At Jerith AI, we run 23 models across 9+ providers via LiteLLM proxy. Multiple keys per model mean zero downtime from rate limits and better throughput. This guide walks you through exactly how multi-key load balancing works in LiteLLM setup, with real configuration examples you can adapt for your own setup.

How LiteLLM Multi-Key Load Balancing Actually Works

The concept is deceptively simple. In your proxy-config.yaml, you define the same model multiple times under the same model_name but with a different api_key for each entry. LiteLLM treats them as identical backends and automatically round-robins requests across all available keys.

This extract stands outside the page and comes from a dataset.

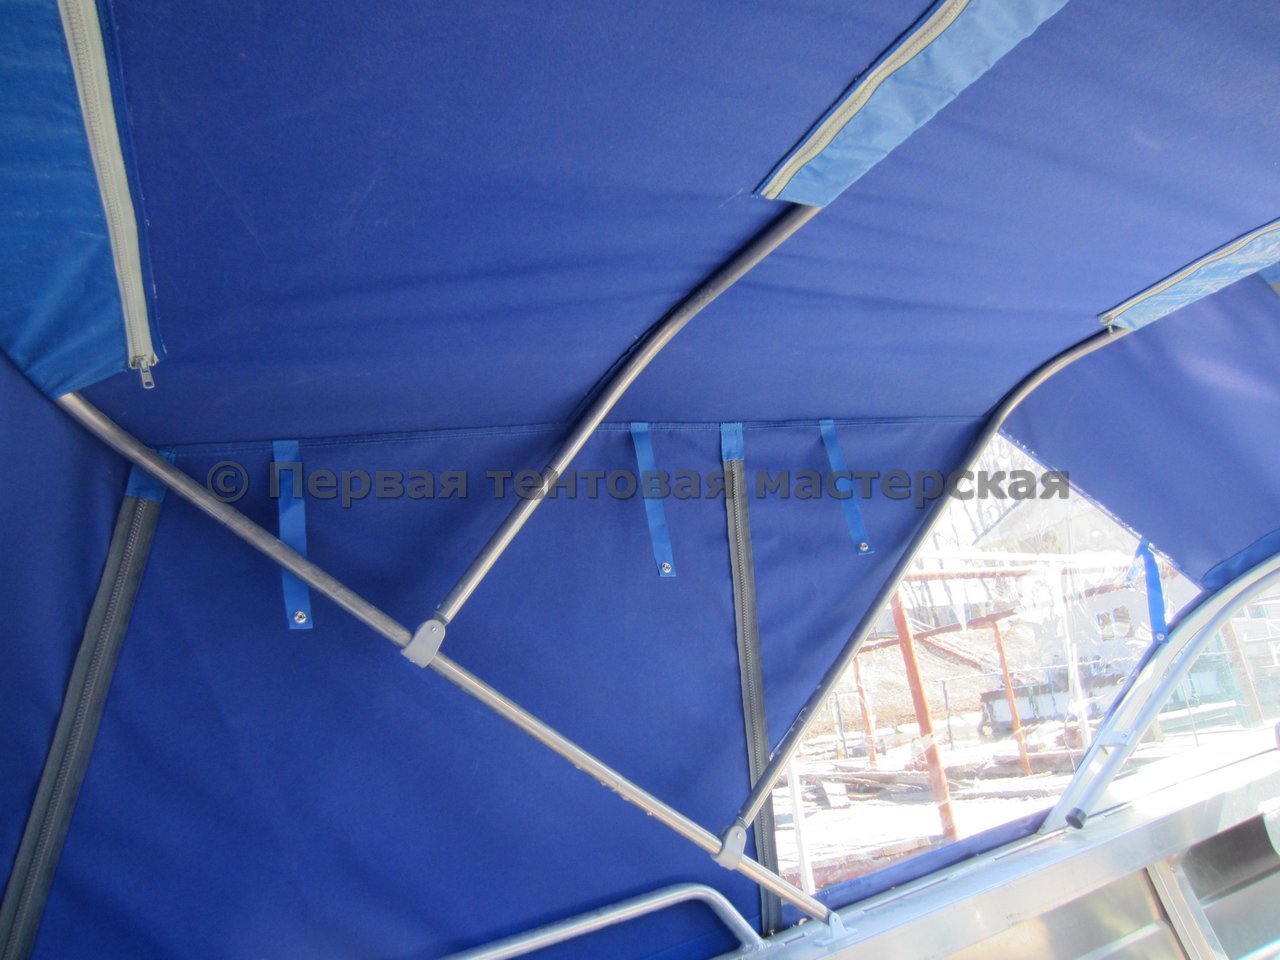 tents1404_022

When one key hits a rate limit or returns an error, LiteLLM seamlessly retries with the next key. No manual intervention, no dropped requests ‖ your client applications never see the failover happen.

Here’s what LiteLLM does behind the scenes:

Round-robin distribution: Evenly spreads requests across all registered keys for a given model alias
Automatic failover: If a key returns a 429 or 5xx error, LiteLLM instantly retries with the next available key
Cooldown tracking: Temporarily backs off from keys that are rate-limited until the cooldown window expires
Sticky sessions: Optional ‖ you can pin a client session to a specific key for consistency (useful for streaming)

Environment Variables: Organizing Multiple Keys

Before we get into the model list, you need to declare your API keys. The cleanest approach is using environment variables in the top section of your config file. This keeps secrets organized and makes key rotation straightforward.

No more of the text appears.